Today, the U.S. Department of the Treasury and the Internal Revenue Service published Final Rules to implement the information reporting provisions for insurers and certain employers under the Affordable Care Act (“ACA”), which will take effect in 2015.

The Final Rules apply to Sections 6055 and 6056 of the Internal Revenue Code (“IRC”), which describe employer reporting for the purpose of monitoring whether an employer is compliant with the ACA’s Employer Mandate. The Employer Mandate generally requires employers with 50 or more full-time employees to offer their full-time employees coverage that meets minimum value and affordability standards under the ACA or pay a penalty, though compliance has been pushed back one year for certain employers. Employers with 50 to 99 full-time employees will not be subject to penalties under the Employer Mandate for failing to provide health insurance coverage to employees in 2015. Moreover, employers with 100 or more full-time employees need only offer coverage to 70% of their full-time employees in 2015 to be compliant with the regulations. Despite these delays, the information reporting provisions take effect in 2015, and employers should begin to familiarize themselves with the requirements.
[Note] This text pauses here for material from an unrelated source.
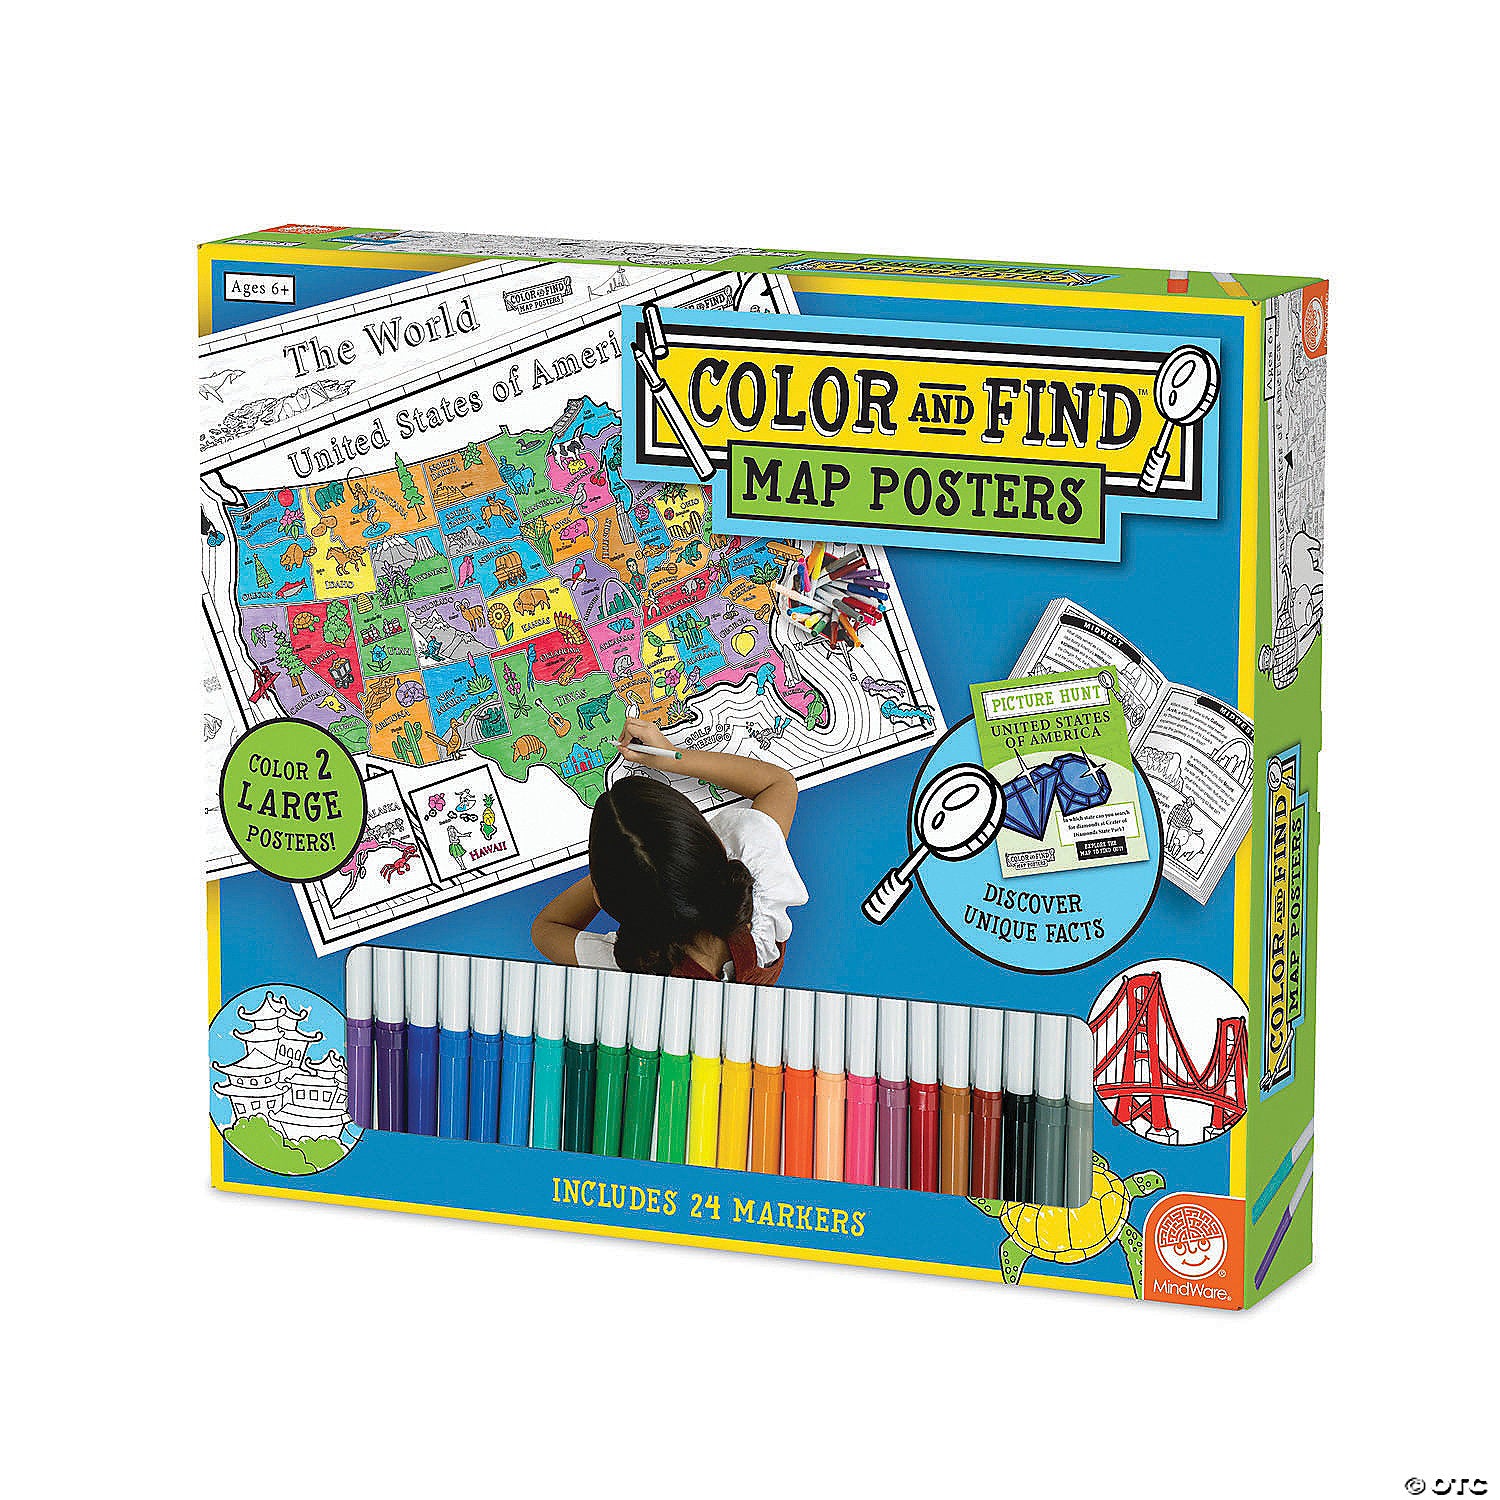 Color and Find Map Posters by Mindware #14090579QP5221

IRC 6055 describes reporting requirements for self-insuring employers, insurers and certain other providers of minimum essential coverage, while IRC 6056 describes reporting requirements for applicable large employers. Under the Final Rules, reporting for both IRC 6055 and 6056 will be made on the same form with the stated goal of eliminating duplicative filings by employers. Large employers that self-insure (employers that pay their employees’ medical costs directly, instead of joining a traditional plan) will fill out both sections of the form. Large employers that do not self-insure will only fill out the top half of the form, for reporting under IRC 6056.

According to the Final Rules, for IRC 6055, an employer must generally report information about the employer, the employees insured, and information on the minimum essential coverage provided. IRC 6056 requires applicable large employers to report information about themselves, such as the number of full-time employees for each month during the calendar year, to certify whether they offered coverage to their full-time employees, and to provide certain information about the plan offered, such as the monthly premium for the plan.

The Final Rules also simplified the reporting obligations of employers who make qualifying offers of coverage to their employers.  According to the Treasury press release, a qualifying offer of coverage is “an offer of minimum value coverage that provides employee-only coverage at a cost to the employee of no more than about $1,100 in 2015” combined with an offer of coverage to the employee’s family, which would not need to meet the cost threshold. The Final Rules allow employers to report different information based on whether or not a given employee was offered coverage for all 12 months of a year or for fewer than 12 months in a year. For employees receiving a qualified offer for all 12 months, “employers will need to report only the names, addresses and taxpayer identification numbers” of such employees. For employees receiving a qualifying offer in fewer than 12 months in the year, employers will be able to report such employees “for each of those months by simply entering a code.”